Field Crop Farming
About 40 percent of Israel's arable land is located in the Negev. The Negev is a desert, with an annual rainfall of 50-150 mm, and these meager rains fall exclusively during the winter months. The constant water scarcity has forced farmers to concentrate their efforts on finding and growing new varieties, crops and varieties that give the same or more yield, with less water consumption for irrigation, and allow the use of brackish groundwater or treated wastewater.
The fact that Israeli field growers today receive high yields and products of the highest quality is the result of the combined efforts of management personnel, agronomists and other professionals, equipment manufacturers, service providers, and farmers themselves.
Around 230,000 hectares are dedicated to field crops. They grow winter wheat, fodder crops, sunflowers for oil. About 90,000 hectares are set aside for summer crops, for crops such as cotton, sunflowers, chickpeas, green peas, beans, grain, peanuts, and melons. The bulk of the harvest of cotton, sunflower, peanut, and sweet corn is exported.
WHEAT
Over 81,000. ha. wheat is grown for grain and about 18,000 hectares. for silage, which provides the main component of roughage for dairy herds. The average yield ranges from 30 to 50 centners per hectare, depending on the amount of annual precipitation. Most of the grain is used domestically for bread production. For these purposes, varieties are grown that give high-quality grain in terms of baking qualities.
A small detail: in Israel, the harvest below 25 centners per hectare is considered unprofitable to harvest for grain, and such wheat is simply plowed like a Seder. Fortunately, this happens infrequently, only in extremely unfavorable years.
COTTON
Israeli cotton meets the highest international quality standards.
Thanks to the applied package of technologies, including irrigation, fertilization combined with irrigation, sowing of disease-resistant varieties, an integrated system for protecting plants from diseases and pests, we get the highest yields in the world, per unit area. Almost completely the entire 28,500 ha. cotton crops are equipped with a drip irrigation system. The systems are fully automated and have very low labor costs for growing cotton. Each worker produces cotton annually worth the equivalent of $ 100,000. Cottonseeds are a by-product of fiber production and are used for livestock feed and in the production of oil and other products.
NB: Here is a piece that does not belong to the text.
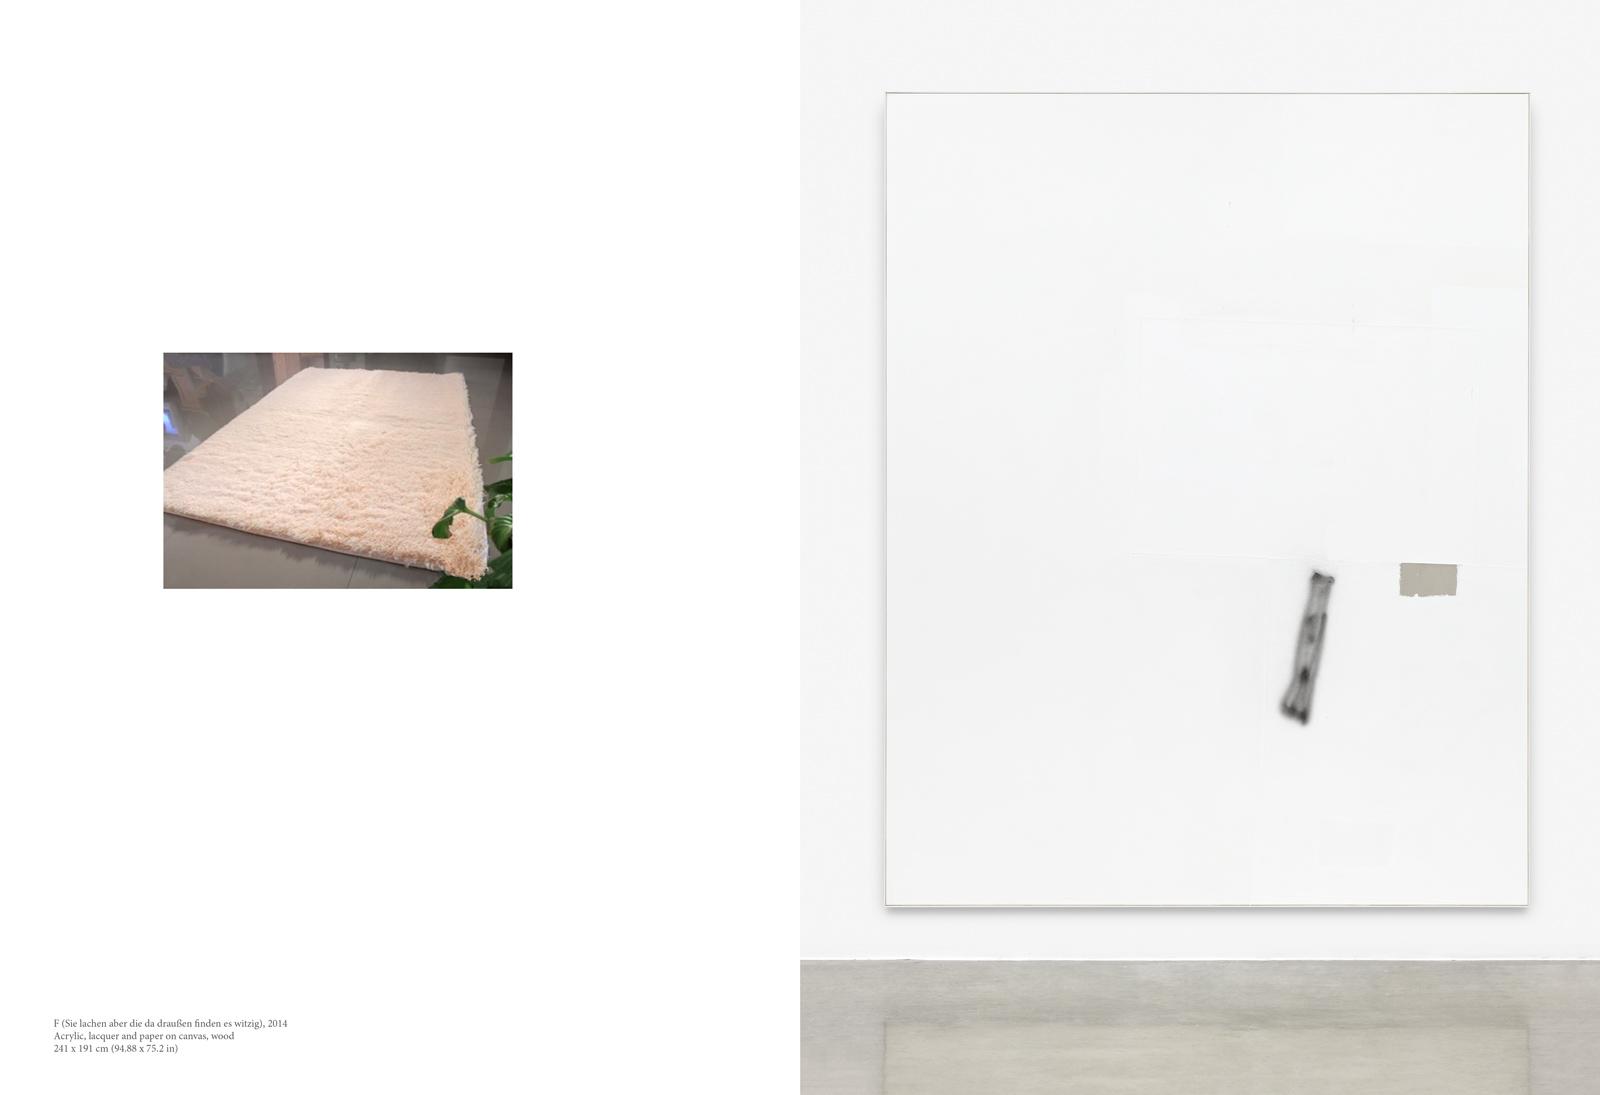 David Ostrowski, F (Sie lachen aber die da draußen finden es witzig), 2014, Acrylic, lacquer and paper on canvas, wood, 241 x 191 cm (94.88 x 75.2 in)

The average yield is 5.5 tonnes of raw cotton per hectare for the Acala variety, (1.8 tonnes of pure fiber), and 5 tonnes per hectare of raw cotton for the long-staple Pima, (1.6 tonnes of pure fiber). At a very high level, work is underway to select new highly productive varieties of cotton. High-yielding, disease-resistant, long-fiber varieties have been developed, and there are even varieties with colored fibers.
The vast experience and know-how underlying these successes is the fruit of the combined efforts of many people. Much of this experience can be useful in the vast expanses of Russian fields.